• [INPUT MATERIAL]

——————

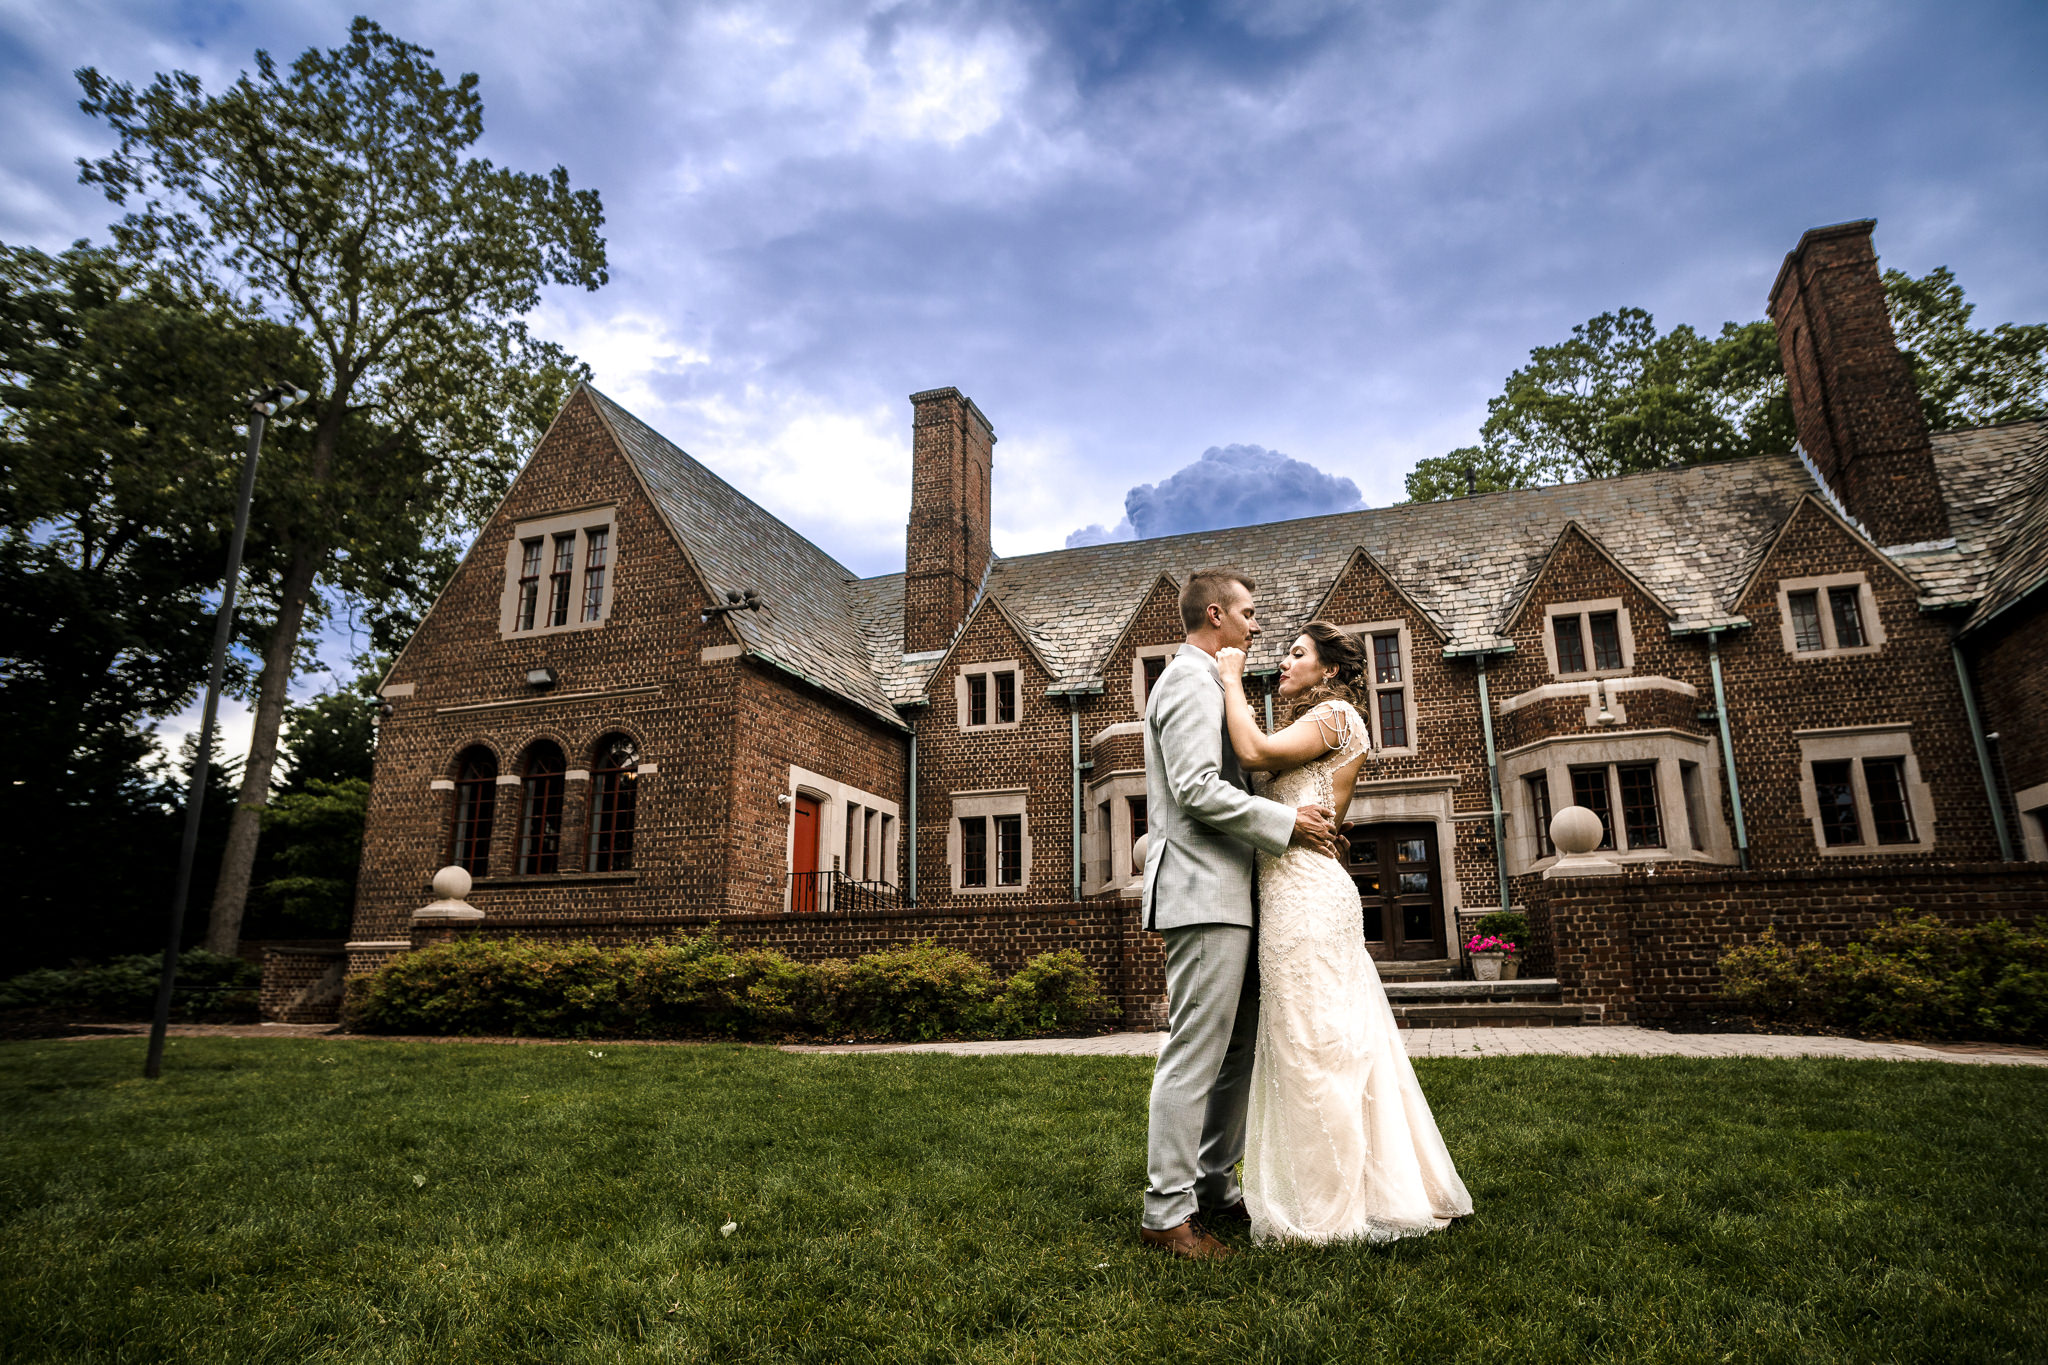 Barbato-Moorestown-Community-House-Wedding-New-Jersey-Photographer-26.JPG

——————

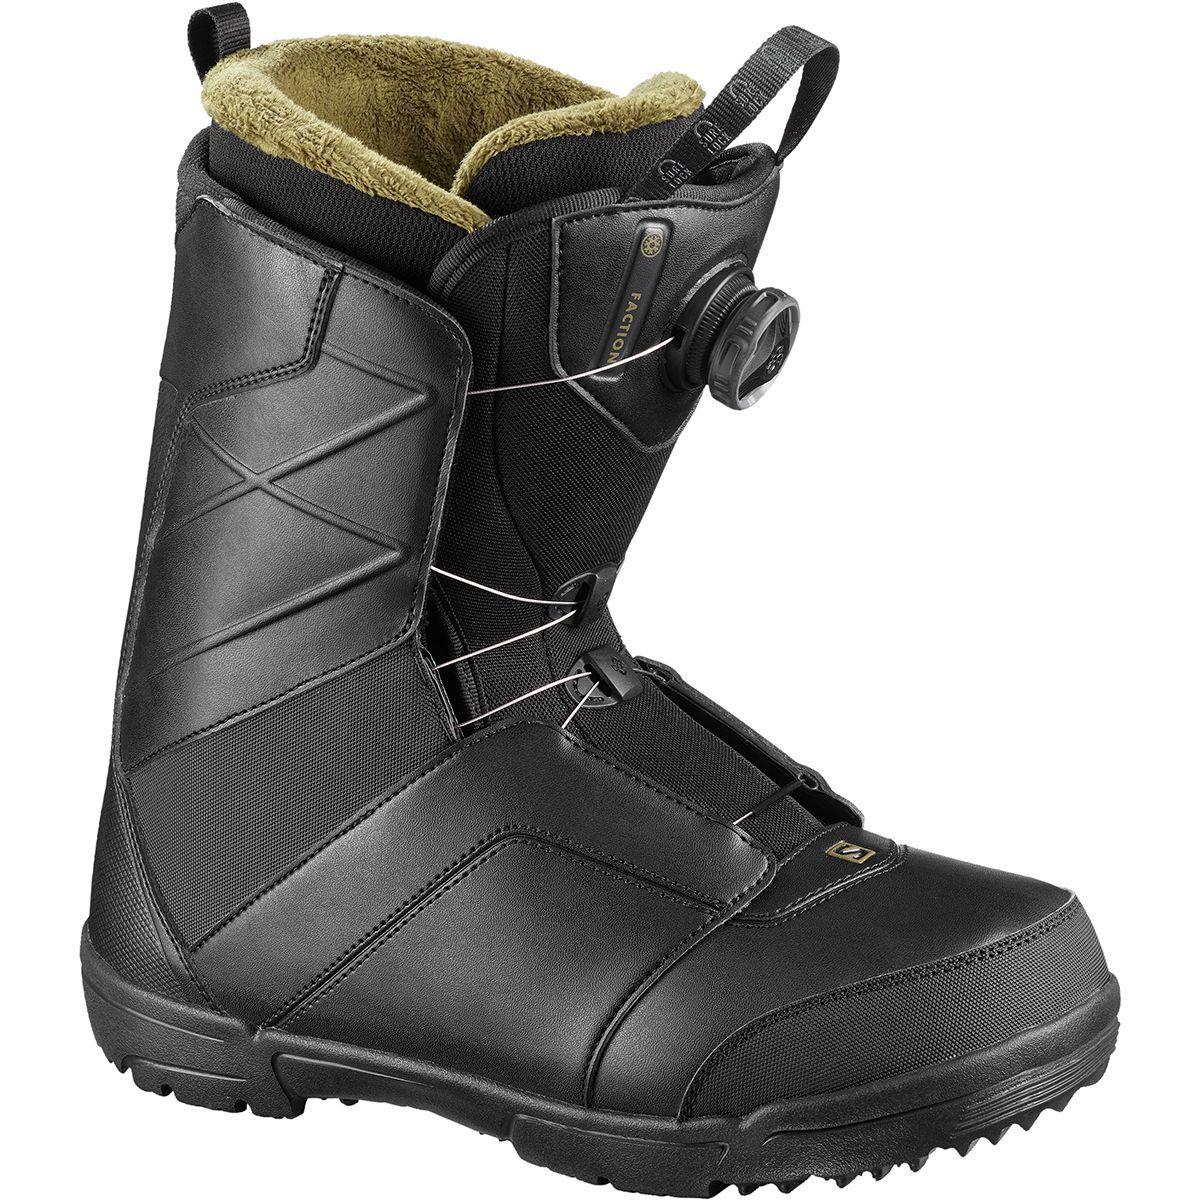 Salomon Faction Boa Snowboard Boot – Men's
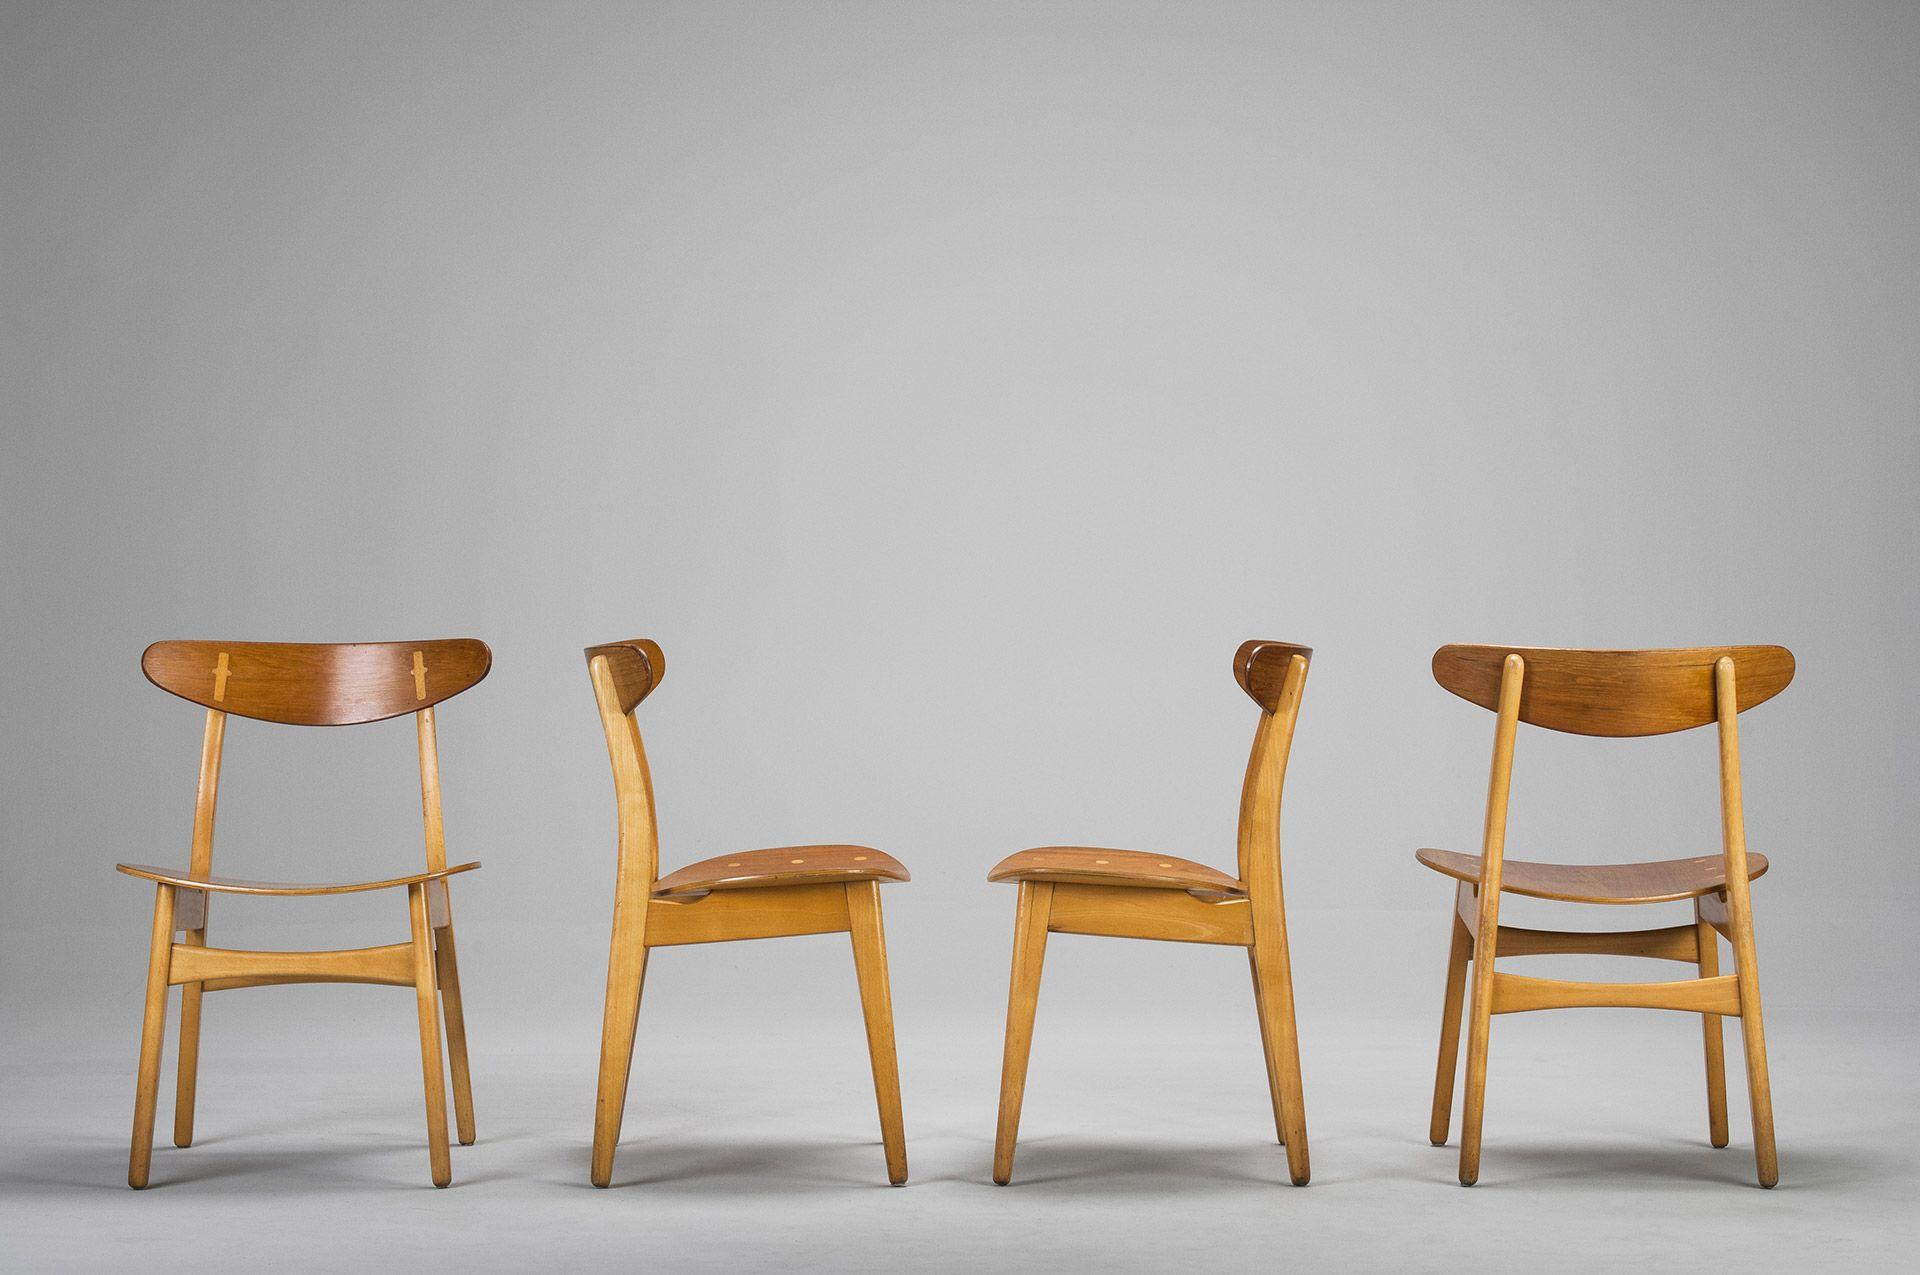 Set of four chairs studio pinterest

——————

• [TASK DESCRIPTION] Beginning at the line above that contains "Salomon Faction Boa Snowboard Boot – Men's", repeat each line exactly through the one that contains "Set of four chairs studio pinterest", and leave out the pictures.

• [ANSWER TO THIS EXERCISE]
 Salomon Faction Boa Snowboard Boot – Men's
 Set of four chairs studio pinterest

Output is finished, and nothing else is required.